Little is known about the treatment of tardive dyskinesia (TDK) caused by aripiprazole. This antipsychotic is associated with a lower theoretical risk of TDK compared with classical neuroleptics. Several publications have even presented clinical cases that showed an improvement in dyskinesia or dystonia after switching to aripiprazole. However, data published since the commercialization of aripiprazole suggest that the risk of TDK could be higher than initially thought.

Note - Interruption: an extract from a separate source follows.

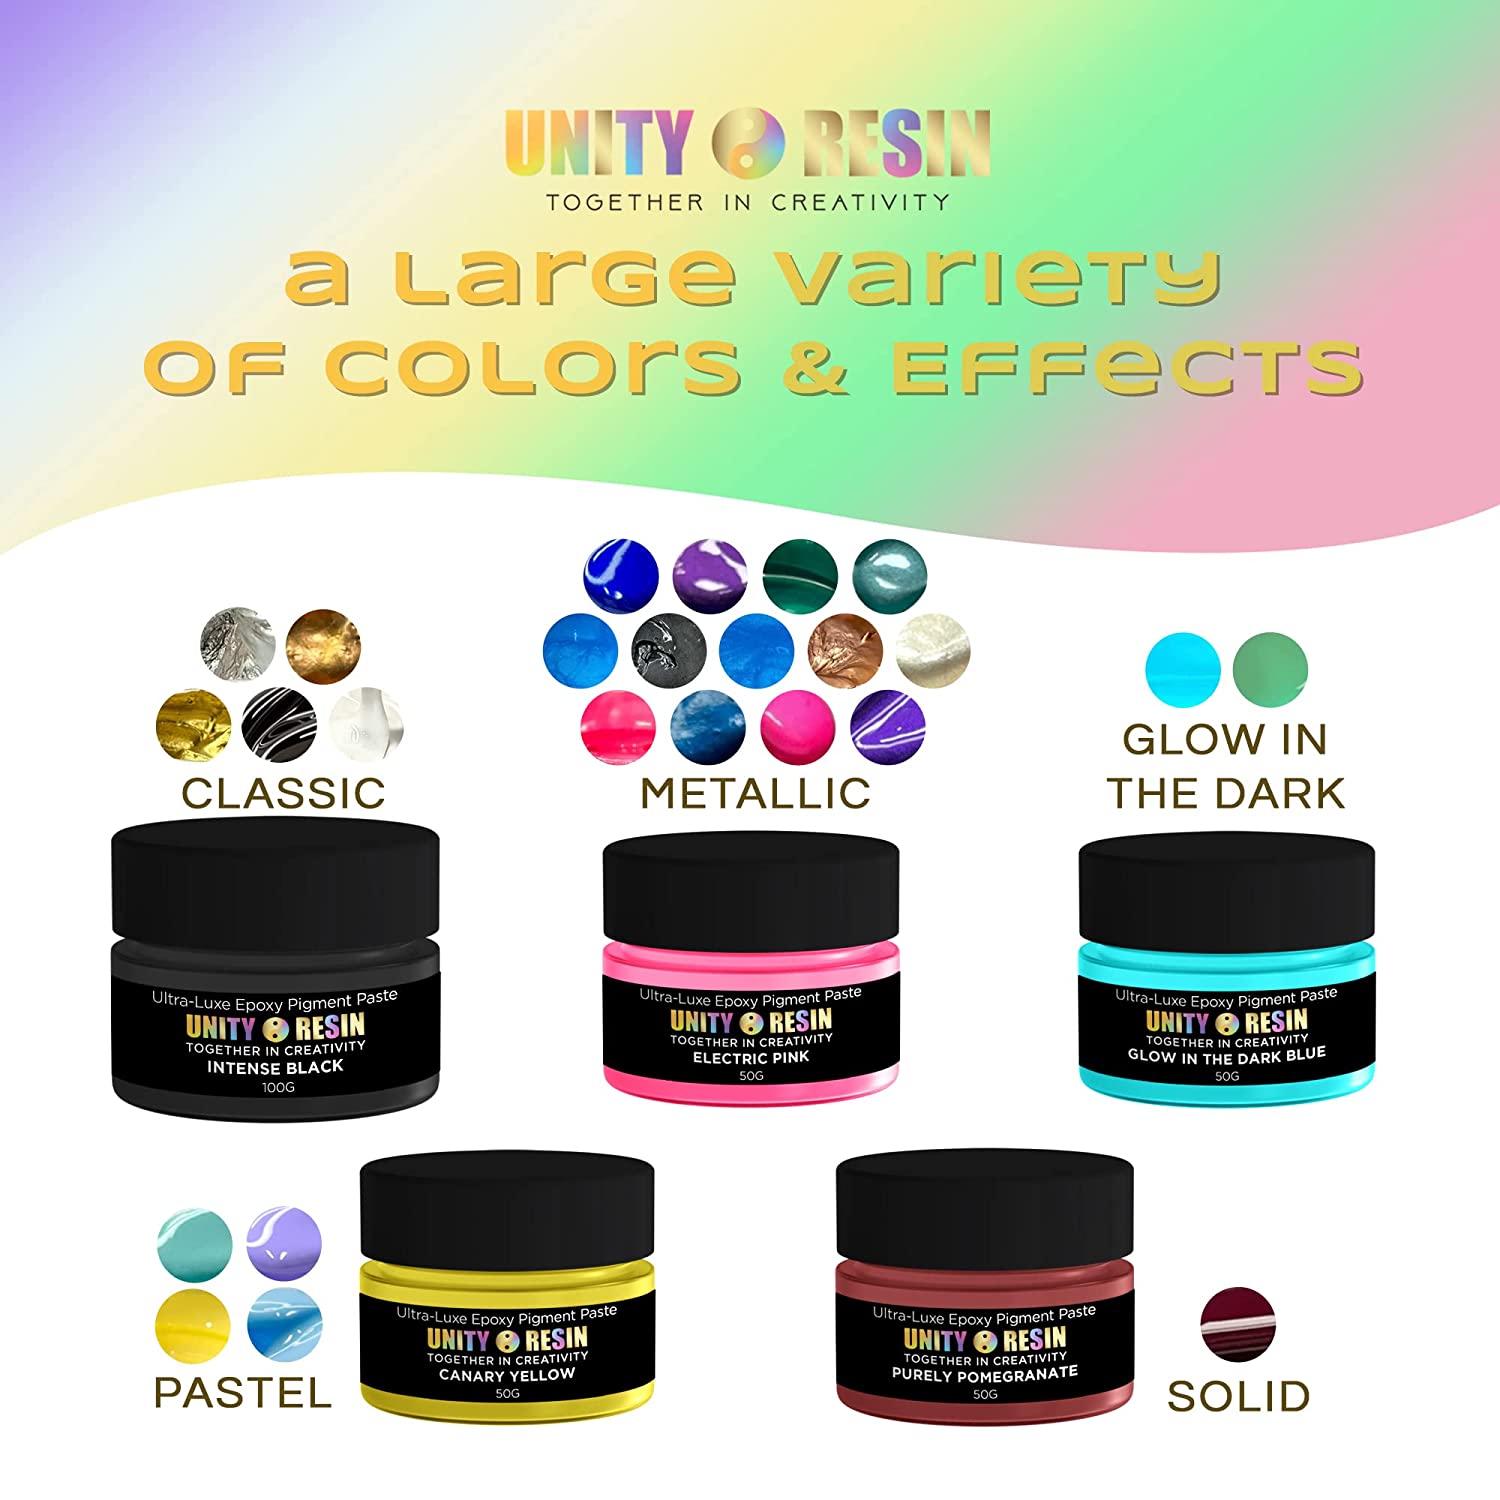 Ultra-Luxe Epoxy Resin Pigment Paste- CARIBBEAN SEA (50G).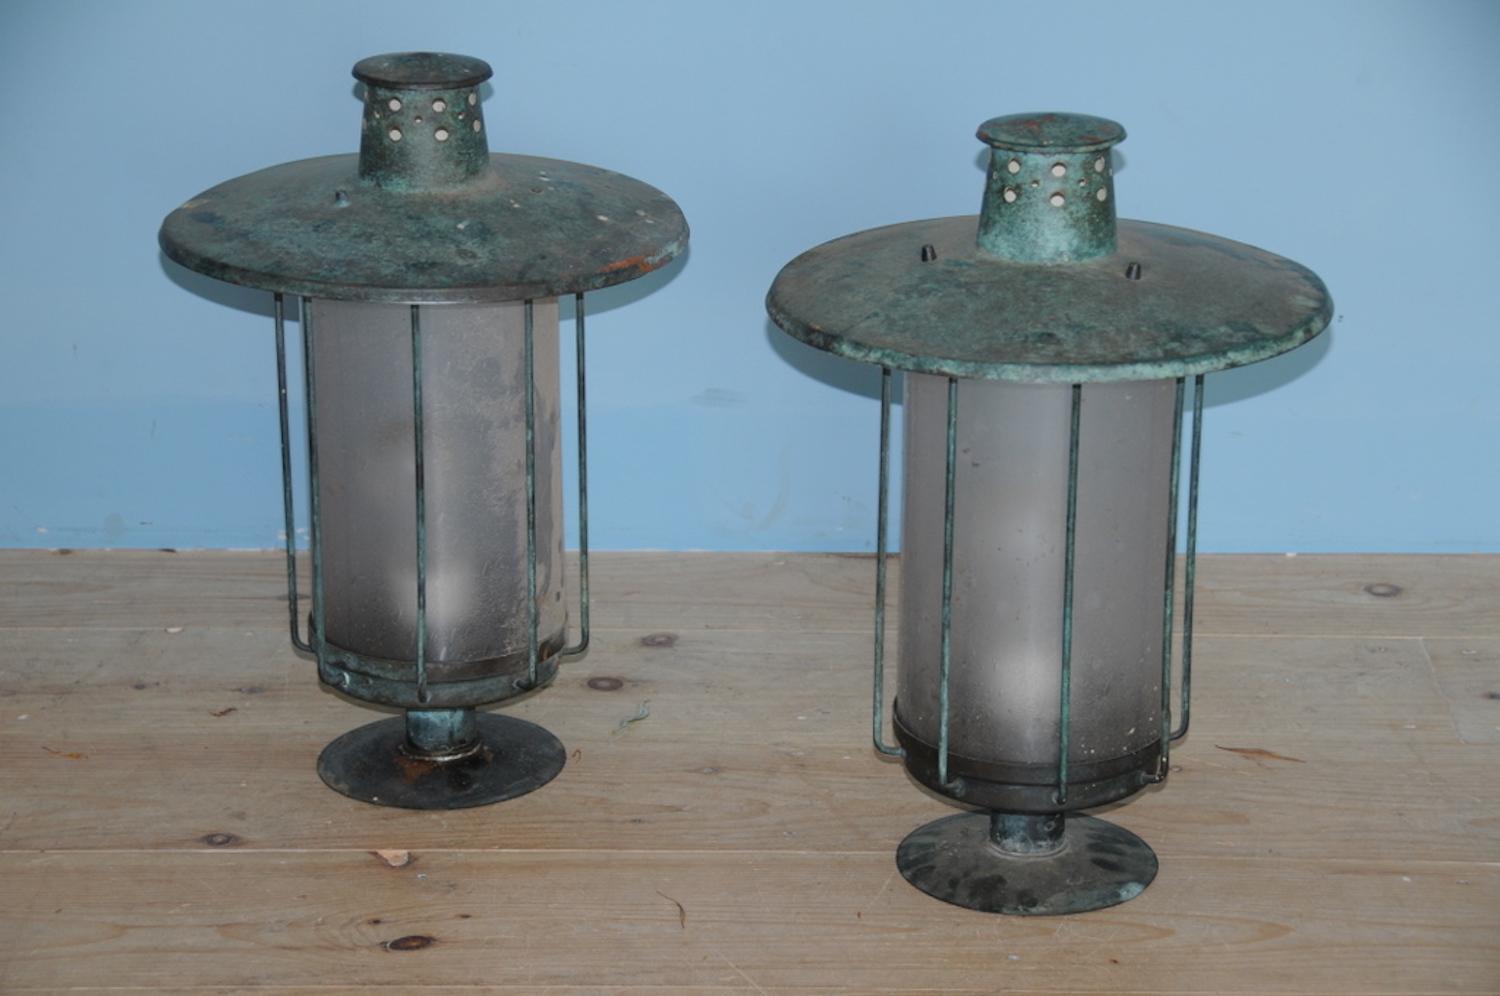 A pair of Swedish post lanterns, origin: Sweden, circa 1920 -1930.

The relatively low risk of TDK due to aripiprazole is attributed to the unique partial agonistic activity of aripiprazole at the D2 receptor (Margolese et al., 2005). However, aripiprazole has one of the highest D2 receptor affinities at a therapeutic dose of all antipsychotic drugs. Theoretically, long-term exposure of these receptors to aripiprazole could cause irreversible hypersensitivity.

Methods

We describe the case of a 23 year-old woman who developed tardive dyskinesia after taking aripiprazole for 6 years which was successfully treated with a combination of tetrabenazine, botulinum toxin, and clozapine. A thorough literature search was performed using PubMed, Medline, Ovid, Embase, and Google Scholar about the existence of other possible cases treated with the same drug combination without finding similar cases including the International Medical Case Reports Journal.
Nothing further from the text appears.